One morning a long time ago I remember going into Emma’s bedroom and as she woke up, she said something to me in a long and completely articulated sentence. I was shocked to say the least. I remember telling Ariane about it but I’m not sure I could remember what Emma said by the time I told her. In fact, I no longer know for certain whether or not it really happened! Had I been dreaming? To this day, I can’t tell for sure. Given how strange it would have been for Emma to talk like that when she could barely speak at all, it seems obvious that it had to be a dream. But then again…

Regardless of whether it was ‘real’ or not, that incident became the inspiration for The Dream Palace, where Emma’s character named Daisy in the book, is able to talk perfectly in the dream world.

I’m a research nut. I enjoy the research process as much as the writing. Unfortunately, I could only find one research study of dream patterns and content in autists and it pretty much sucks. So of course, I wrote my own survey! I’m trying to get it out to autists who are willing to participate so if any readers have suggestions on how I could do that most efficiently please let me know. In the meantime, I’m rewriting the story because after reading Markram’s findings, I’m now convinced like he is, that not only does Emma sense, feel, and perceive much more intensely than us highfalutin ‘normals’ — she may indeed be much farther advanced than we are — which hopefully we will discover as her communications continues to advance so rapidly.

Bottom line? Life is good, very good. All it took was a complete shift in our perspective.

For more on our journey through Emma’s childhood of autism, go to:   Emma’s Hope Book

6 responses to “Shifts

  1. In many people the inner self is hiding. While we try to uncover it, too often we ask people we don’t know “what do you do?” as though their profession will tell us everything we need to know, or “where are you from?” as though their original location will fix them, not only geographically, but culturally as well, or “where did you go to school?” And now we’re trying to figure out whether they are educationally up to where we think they ought to be if we want to converse with them. The one question we don’t usually ask is “How much are you worth?” because we suspect that this would be rude…
    But with an autist it would never occur to ask any of these questions, and if she/he is someone in our own family, then the best we can do is to honor the beauty in our beloved. And perhaps this is the best way to uncover, not recover, the beauty that is the inner self?

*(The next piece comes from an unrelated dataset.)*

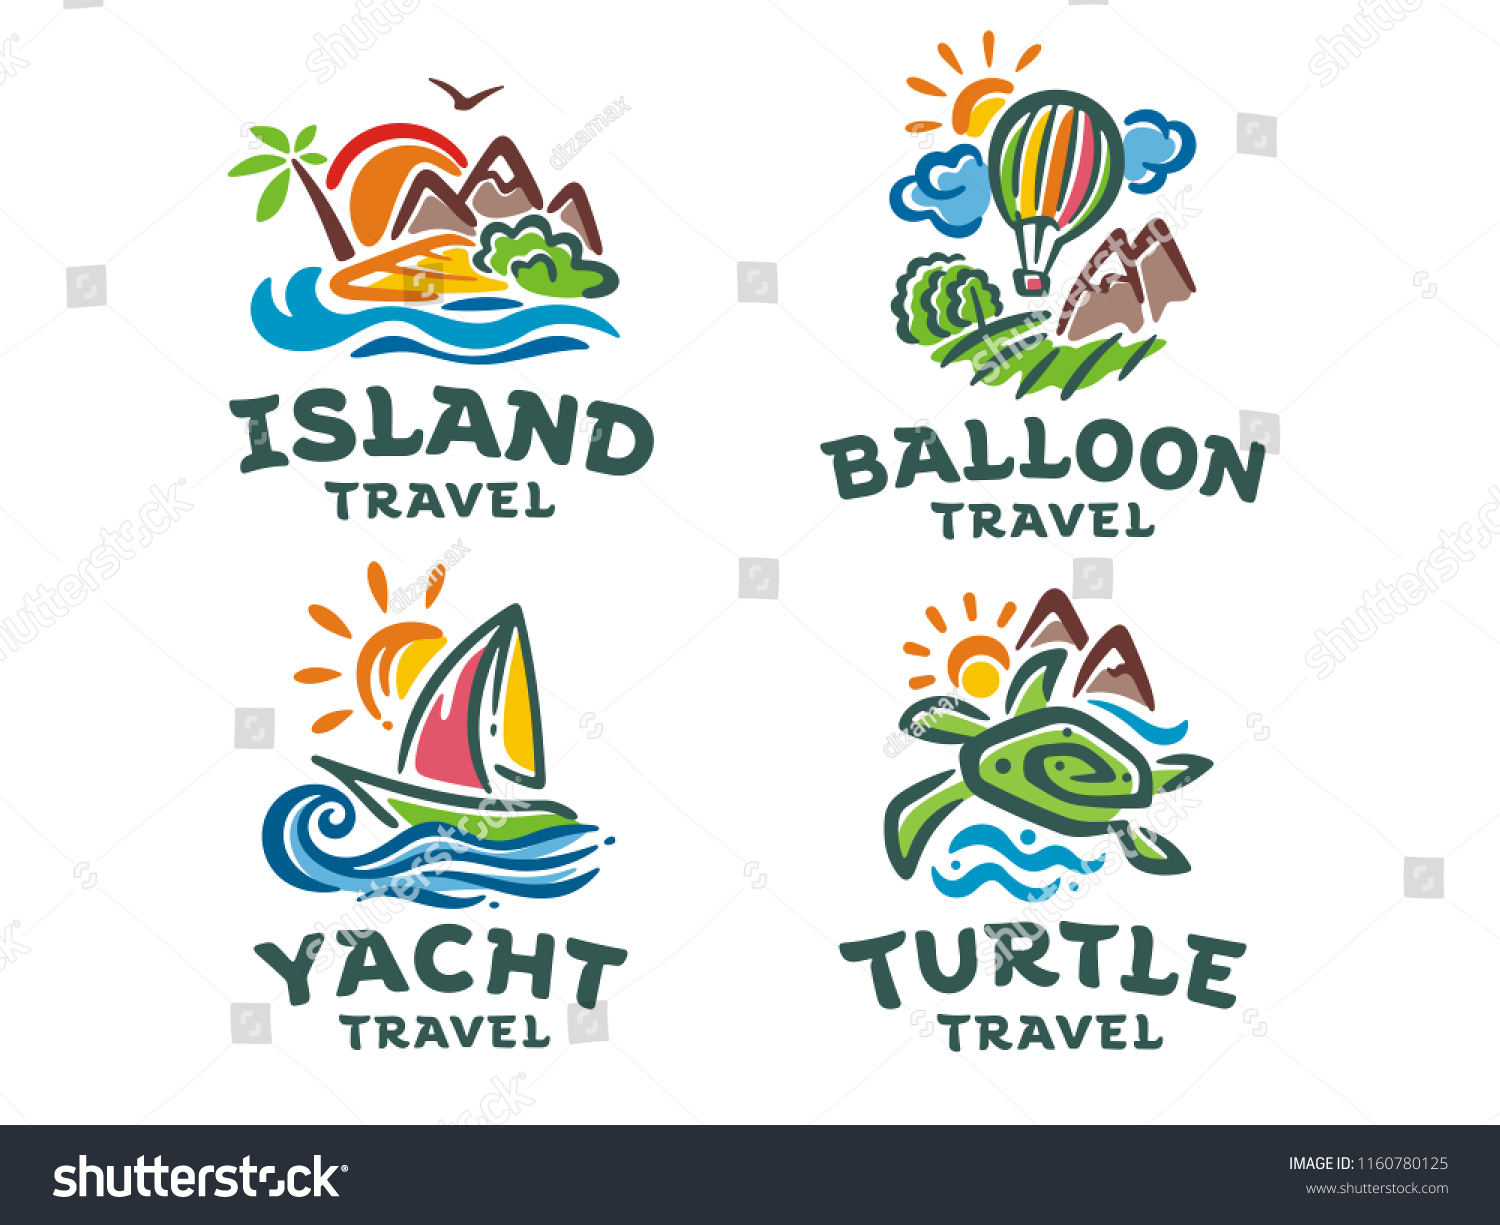 SVG of Vector set of 4 logos. Travel illustration templates. svg

    Someday we may all be surprised by the joy that we find within the unknown.

  2. Hi Richard,
    Speaking about synchronicity… I follow regularly Ariane’s blog, I find it very interesting and instructive. My son was born on the same day as Emma, January 17, 2002 and he is autistic too. He struggles with words, but recently he expressed something interesting about his dreams. Namely, he told me that he would like to still my dreams, as he doesn’t like his own dreams. He couldn’t explain what exactly he does not like about his dreams, but somehow he thinks that my dreams are better. I tried to talk to his doctor, but she dismissed that as not very important. On a contrary, I find it reassuring that he at least can make a distinction between dreams and reality, something I wasn’t sure about until recently.
    Maja

  3. Maja — thanks for writing. Sorry to hear your son is having bad dreams but it’s great that he can communicate that to you. Emma has never spoken about her dreams until recently when I asked her what she dreams about and she said, “The sun.” Surprised to hear that I asked if she dreamt of anything else. “Darkness,” she said. I have no idea what to make of that but it’s certainly interesting!

  4. Maja – So good to hear from you and it’s always nice to hear that others like reading the blog. I was struck by how your son told you he wanted to “steal” your dreams. It’s such a poetic way of speaking. Really beautiful.